Yejin Kim

Study it and apply all!
Like to see error code because it is much better than warrning!

[KMOOC 강화학습] Week 03-3 Knapsack Problem

최대 1 분 소요

해당 강의는 K-MOOC의 “강화학습의 수학적 기초와 알고리즘 이해” 수업을 수강하며 기록한 내용입니다. 강의는 링크에서 확인하실 수 있습니다.

개괄

동적계획법

최단경로 문제(shortest path problem)
외판원 문제(Traveling Salesman Probelm, TSP)
배낭문제(knapsack problem)

배낭문제란?

배낭에 물건을 챙길 때 물건의 가치와 무게를 동시에 고려해서 가방을 담아야 하는 문제로, 무게의 최대치를 넘지 않으면서 가치의 합이 최대가 되는 것을 찾는다!

EX.

예산이 제한적일 때 프로젝트를 실행한다면

Problem Formulation

상태, 행동, 가치함수를 결정
- 상태 : $n$ : 첫 n개의 제품 / $x$ 가방의 무게 / $v$ 현재 무게가 $x$일 때 얻을 수 있는 물품의 최대치
- 행동 : 물건을 선택
- 가치 함수 : $v(n, x)$
- EX. $v(7,15)$ : 앞에 7개의 아이템이 있고 가방에 담을 수 있는 무게가 15일 때 담을 수 있는 가치의 최대치
- 여기서 단계별로 바뀌는건 $n$이다! 하나씩 더 넣게 되니!
Optimal substructure 조건을 만족하면서 재귀방정식을 도출하기!
- $n$번째 아이템을 넣지 않았을 때 : $v(n-1, x)$ 는 $n-1$개 중에서 x만큼 무거울 때 담을 수 있는 가치의 최대치
- n번째 물품의 가치를 $V_{n}$, $n$번째 아이템의 무게를 $w_{n}$라고 할 때
- $n$번째 아이템을 넣었을 때 : $V_{n} + v(n-1,x-w_{n})$
- 그 결과 : $v(n,x) = \max[v(n-1, x), V_{n}+v(n-1,x-w_{n})]$
- 즉 n번째 아이템을 넣지 말지 선택하는 걸로 재귀식을 구현한 것이다!

공유하기

Twitter Facebook LinkedIn

댓글남기기

참고

[Paper Review] TRPO and PPO

2 분 소요

🧠 Paper Review: TRPO & PPO

[Paper] Mamba: Linear-Time Sequence Modeling with Selective State Spaces

최대 1 분 소요

This is a brief review for “Mamba: Linear-Time Sequence Modeling with Selective State Spaces”. You can see the paper at this paper link.

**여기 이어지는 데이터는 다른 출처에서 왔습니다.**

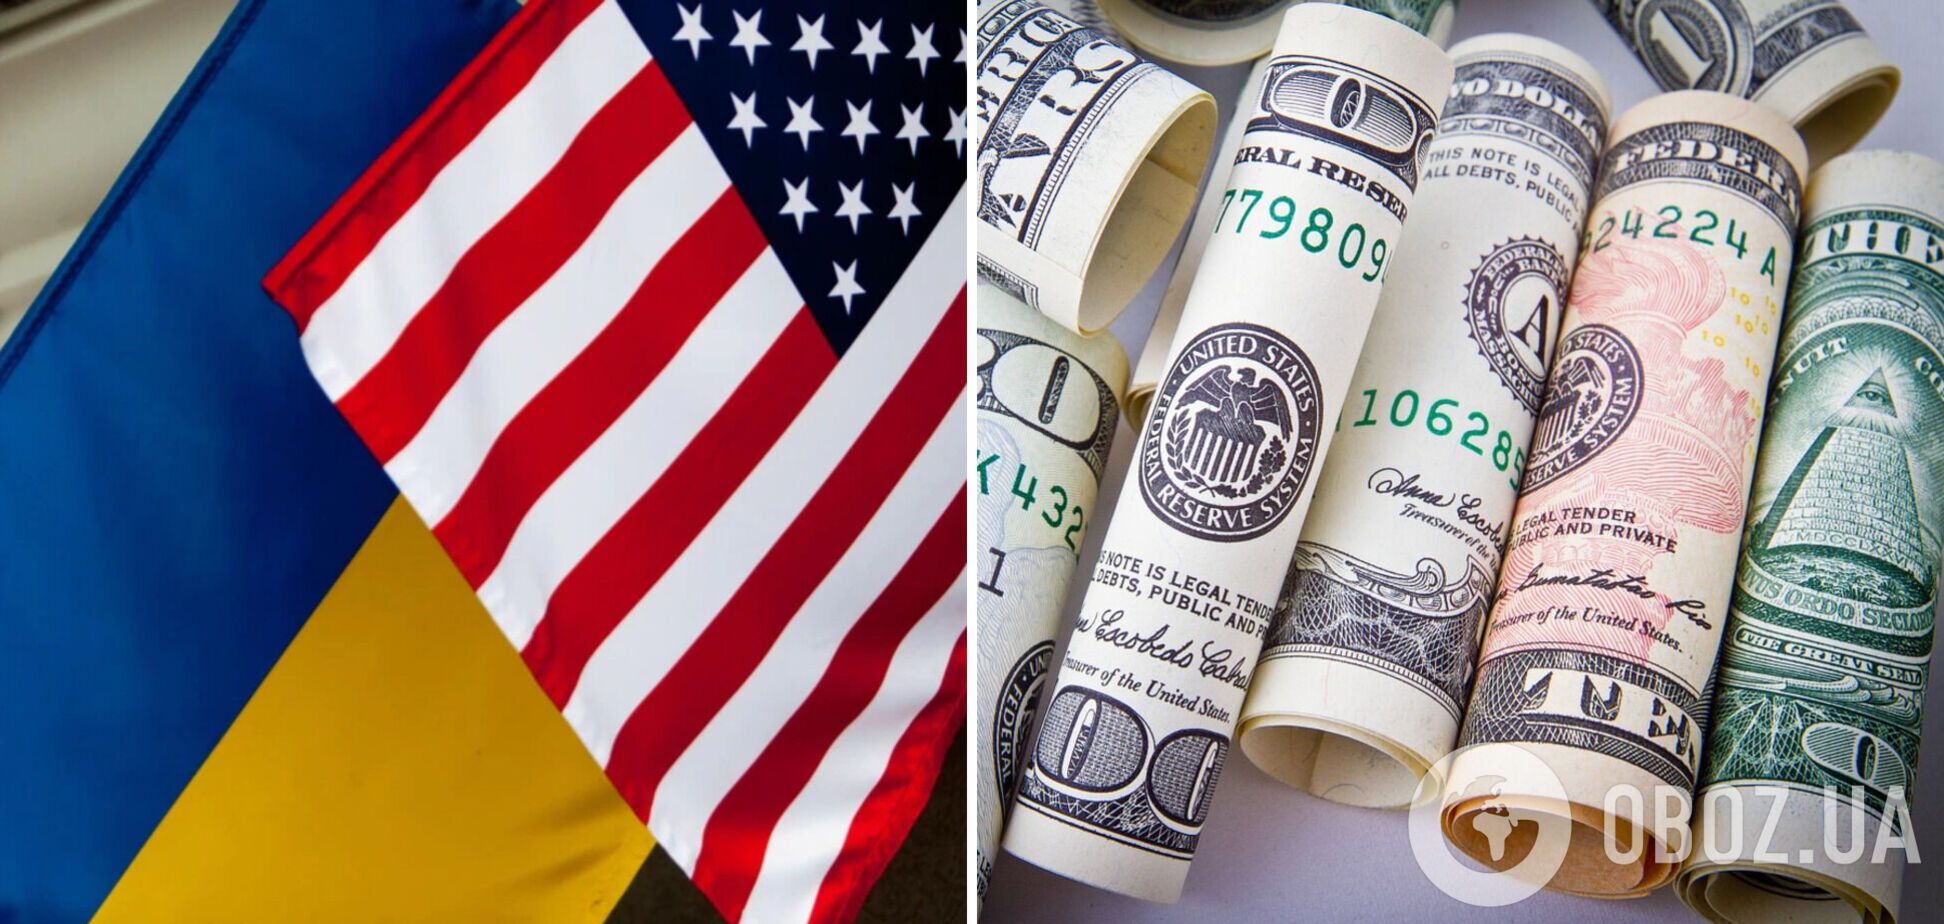 Украина получит от США еще 4,5 млрд долларов помощи

[SSM] Modeling Sequences with Structured State Spaces - Part I

10 분 소요

1.1 Deep sequence model Definition 1.1 (Informal). We use sequence model to refer to a parameterized map on sequences $y=f_\theta(x)$ where inputs and o...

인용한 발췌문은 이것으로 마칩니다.